In the 20th century, Henry Miller located part of the action in Le Havre in his masterpiece Tropic of Cancer, published in 1934. Bouville was the commune where the writer lived who wrote his diary in La Nausée (The Nausea) (1938) by Jean-Paul Sartre who was inspired by Le Havre city where he wrote his first novel. There are also the testimonies of Raymond Queneau (1903–1976), born in Le Havre, the city served as a framework for his novel Un rude hiver (A harsh winter) (1939). The plot of Une maison soufflée aux vents (A house blown to the winds) by Émile Danoën, winner of the Popular Novel Prize in 1951, and its sequel Idylle dans un quartier muré (Idyll in a walled neighbourhood) were located in Le Havre during the Second World War.

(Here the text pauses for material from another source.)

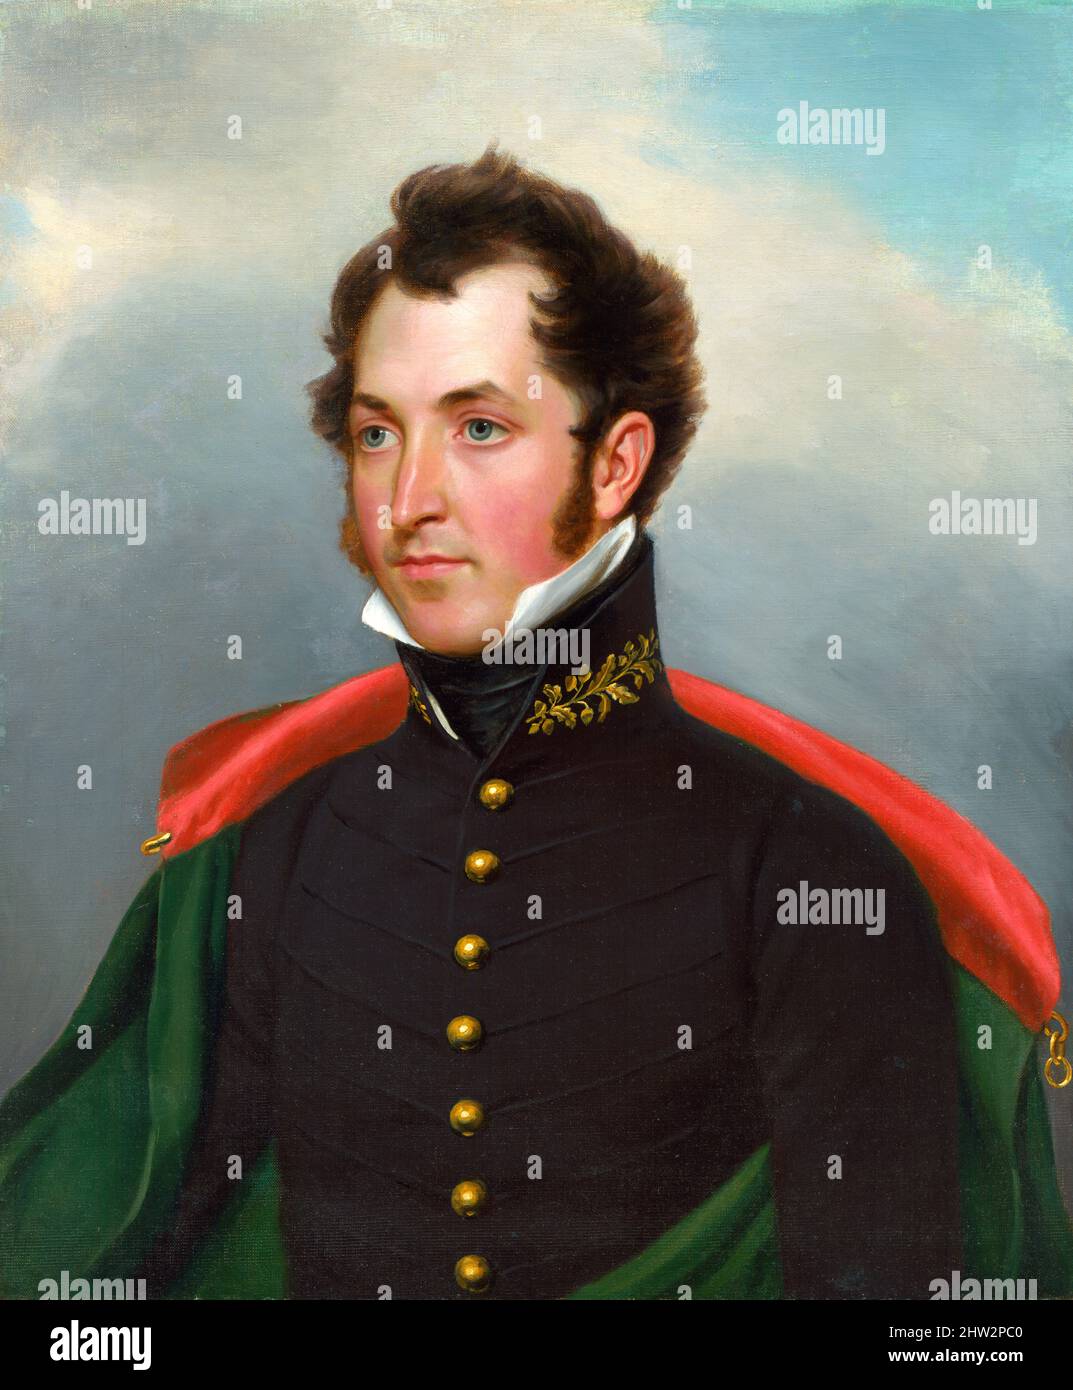 Retrato del oficial de artillería estadounidense, mayor Samuel B. Ringgold (1796-1846) por John Vanderlyn, óleo sobre lienzo, c. 1825 Foto de stock

Under the name Port de Brume Le Havre is the setting for three other novels by this author: Cerfs-volants (Kites), L'Aventure de Noël (The Adventure at Christmas), and La Queue à la pègre (Queue to the underworld). Michel Leiris wrote De la littérature considérée comme une tauromachie (Of literature considered like a bullfight) in December 1945.

Diana Gabaldon set the second novel in her Outlander series, Dragonfly in Amber (1992), partly in Le Havre.

Two mystery novels take place in Le Havre: Le Bilan Maletras (The Maletras Balance) by Georges Simenon and Le Crime de Rouletabille (Crime at the Roulette table) by Gaston Leroux. In Rouge Brésil (Red Brazil), winner of the Goncourt Prize in 2001, Jean-Christophe Rufin describes Le Havre in the 16th century as the port of departure of French expeditions to the New World: the hero Villegagnon leaves of the port to conquer new lands for the French crown which become Brazil. Martine–Marie Muller tells the saga of a clan of Stevedores from Le Havre in the 1950s to the 1970s in Quai des Amériques (Quay of the Americas).

Benoît Duteurtre published in 2001, Le Voyage en France (Travel in France), for which he received the Prix Médicis: the main character, a young American impassioned by France, lands at Le Havre which he describes in the first part of the novel. In 2008, Benoît Duteurtre publishes Les pieds dans l'eau (Feet in the water), a highly autobiographical book in which he describes his youth spent between Le Havre and Étretat. The city hosted writers such as Emile Danoën (1920–1999) who grew up in the district of Saint-François, Yoland Simon (born 1941), and Philippe Huet (born 1955). Canadian poet Octave Crémazie (1827–1879) died at Le Havre and was buried in Saint Marie Cemetery. The playwright Jacques-François Ancelot (1794–1854) was also a native of Le Havre. Two famous historians, Gabriel Monod (1844–1912) and André Siegfried (1875–1959) were from the city.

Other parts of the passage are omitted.